Of the three presidents involved in this impasse, the one who seems to come out the best is Javier Lambán. The Aragonese president abjured the technical agreement reached by the COE, and the Spanish, Catalan and Spanish governments, assuring that he “could not accept out of dignity” a distribution that gave 54 tests to Aragon and 42 to Catalonia. And from there he has not moved. The mayors of the Aragonese Pyrenees and also that of Zaragoza, Jorge Azcon (PP), have positioned themselves on the side of the socialist baron in his demand for the Games “at the foot of equality”. The conversations, both public and private, with the socialists Salvador Illa (leader of the PSC in Catalonia) and Jaume Collboni (first deputy mayor of Barcelona) They have not made him abandon his harsh discourse against the “intolerant, supremacist and exclusionary” independence movement. It will be necessary to see if his firmness in this case and the rhetoric against separatism, which already plagued his last electoral campaign and helped him in the Aragonese elections, will also give him re-election next year. “There are elections in Aragon in 2023, it is noted by the anti-Catalanist tone of the representatives of Aragon”, the ‘consellera’ of the Presidency of the Generalitat released this Thursday, Laura Vilagrà.

Catalonia

Little did Pere Aragonès imagine the time bomb that he activated in July, when he sent the official letter to the COE to opt for the 2030 Winter Games, the main folder in sports matters of his first year in office. He was counting on overcoming the misgivings of Aragon and part of the Pyrenees before reaching the IOC vote but he has remained in the first gate of the slalom. After months in which the Generalitat has tried to keep a low profile, holding back so as not to respond to the Aragonese attacks for the sake of an agreement, in recent weeks the volume has been increasing. His darts, seeing that the COE was not for the work of a Catalan candidacy, have begun to target not only Aragon but also against Moncloa, holding it responsible for the Olympic train passing by again. “Does the Spanish government seriously say that if there is no agreement with Aragon, it will be closed?” Laura Vilagrà in the New Economy forum. The ‘consellera’ has explained that she will commission Mònica Bosch to prepare a Catalan candidacy, despite threats from Aragón since the one presenting the candidacy is the COE. “Nobody can have the right to veto.” The ‘consellera’, who does not want to wait for the 2034 train, has announced that there will be no bilateral this summer with the Spanish Government due to the crisis of confidence that the Pegasus case has generated.

spain

The Spanish government had proposed the Games shared with Aragon within its reunion agenda. But Pedro Sánchez has avoided entering the brawl, pointed out to the COE as the person in charge of leading the candidacy.
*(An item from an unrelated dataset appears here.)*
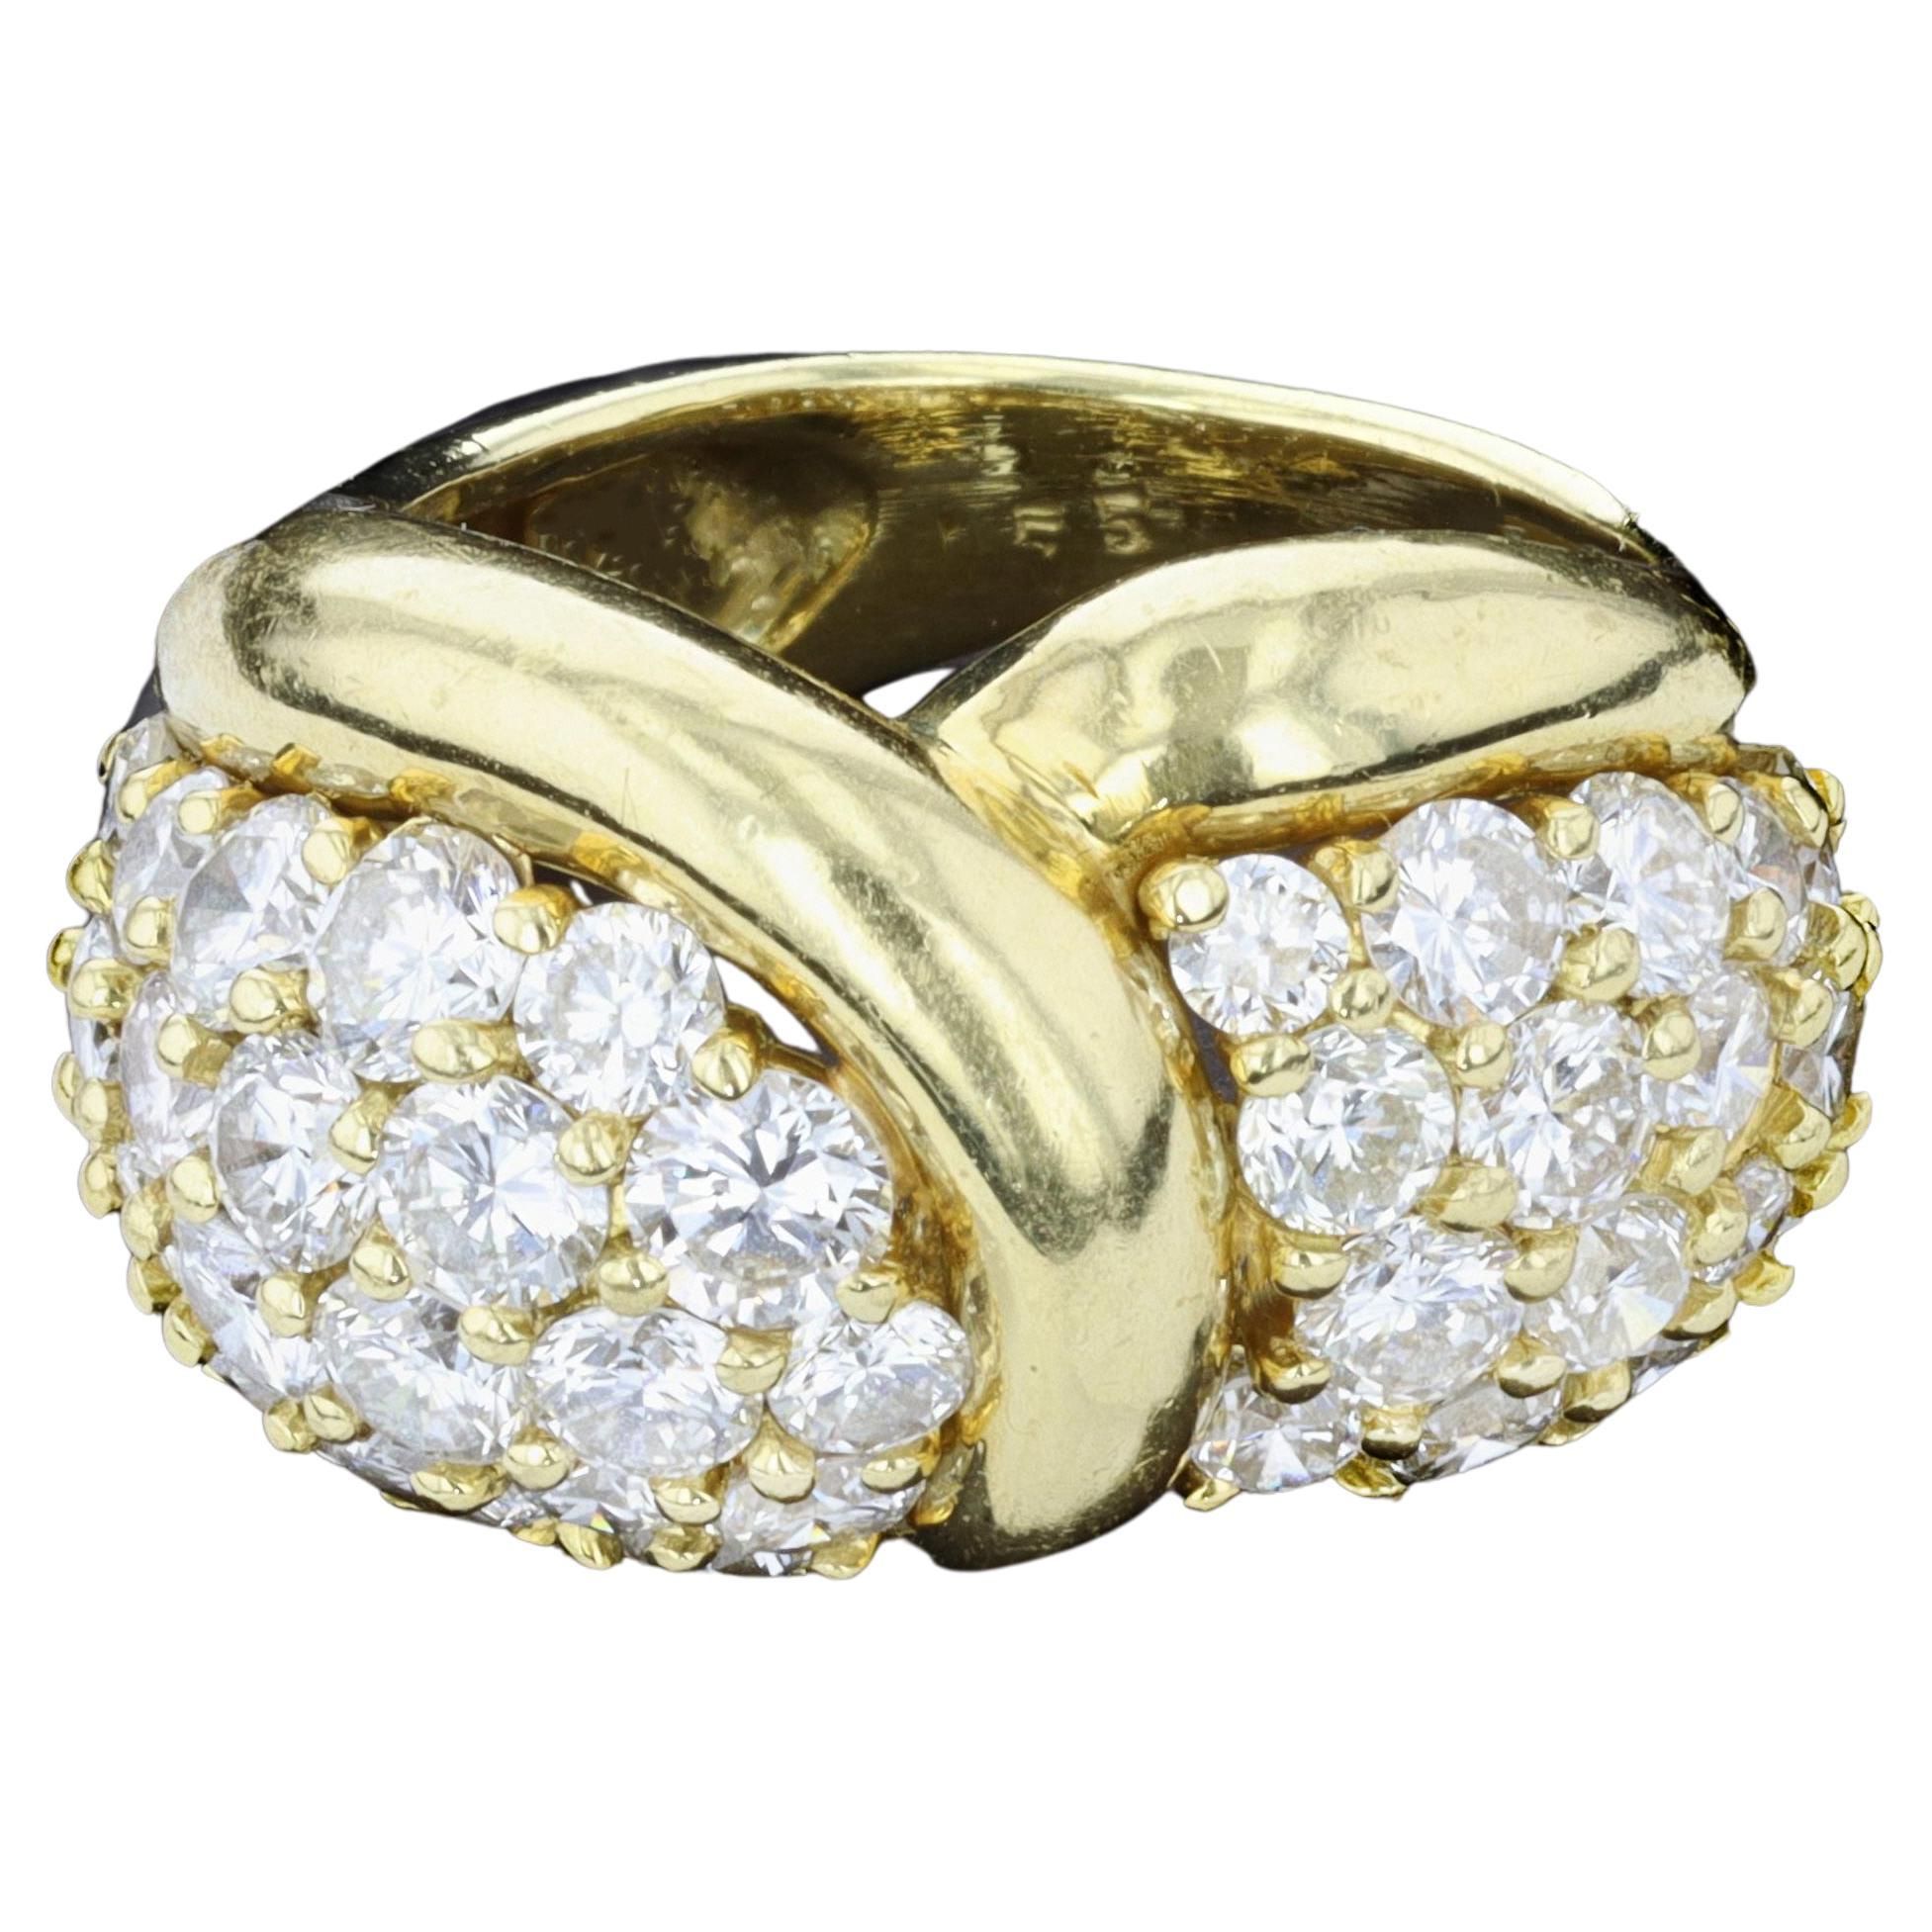 Jose Hess Bague fantaisie en or jaune 18 carats avec diamants
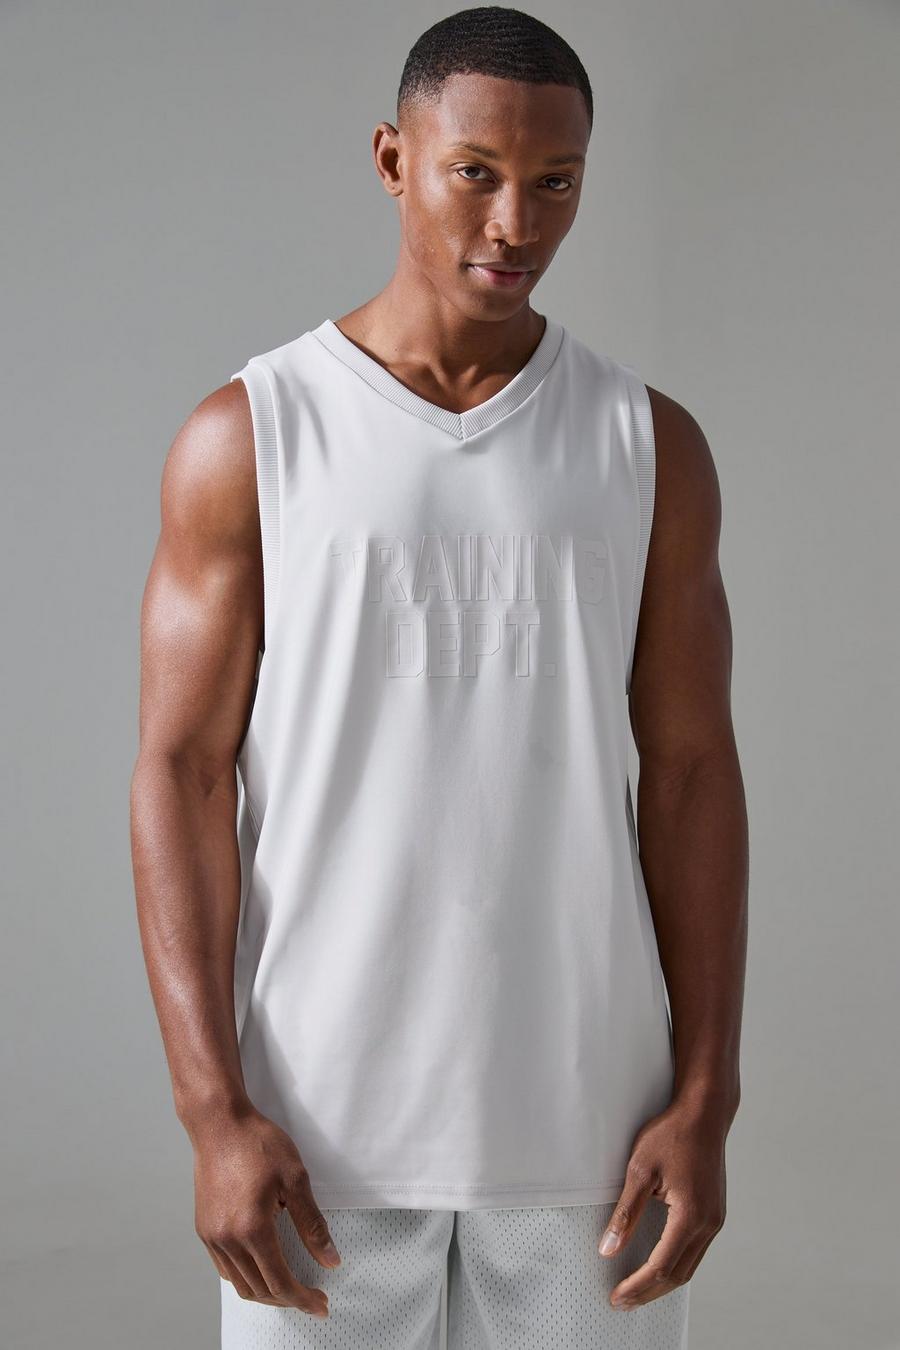 Camiseta sin mangas de baloncesto Active Training Dept, Light grey

And, even though Javier Lamban had urged him to take action on the matter, publicly neither he nor his government have made any reproach to the COE or the Aragonese baron. Government sources explain that from the outset they have chosen to “accompany” this process to the COE and two regional governments, considering that it was up to them to reach an agreement. That is why they have chosen the “silence“And for not increasing the growing noise and preventing an increasingly possible Olympic failure from splashing on them.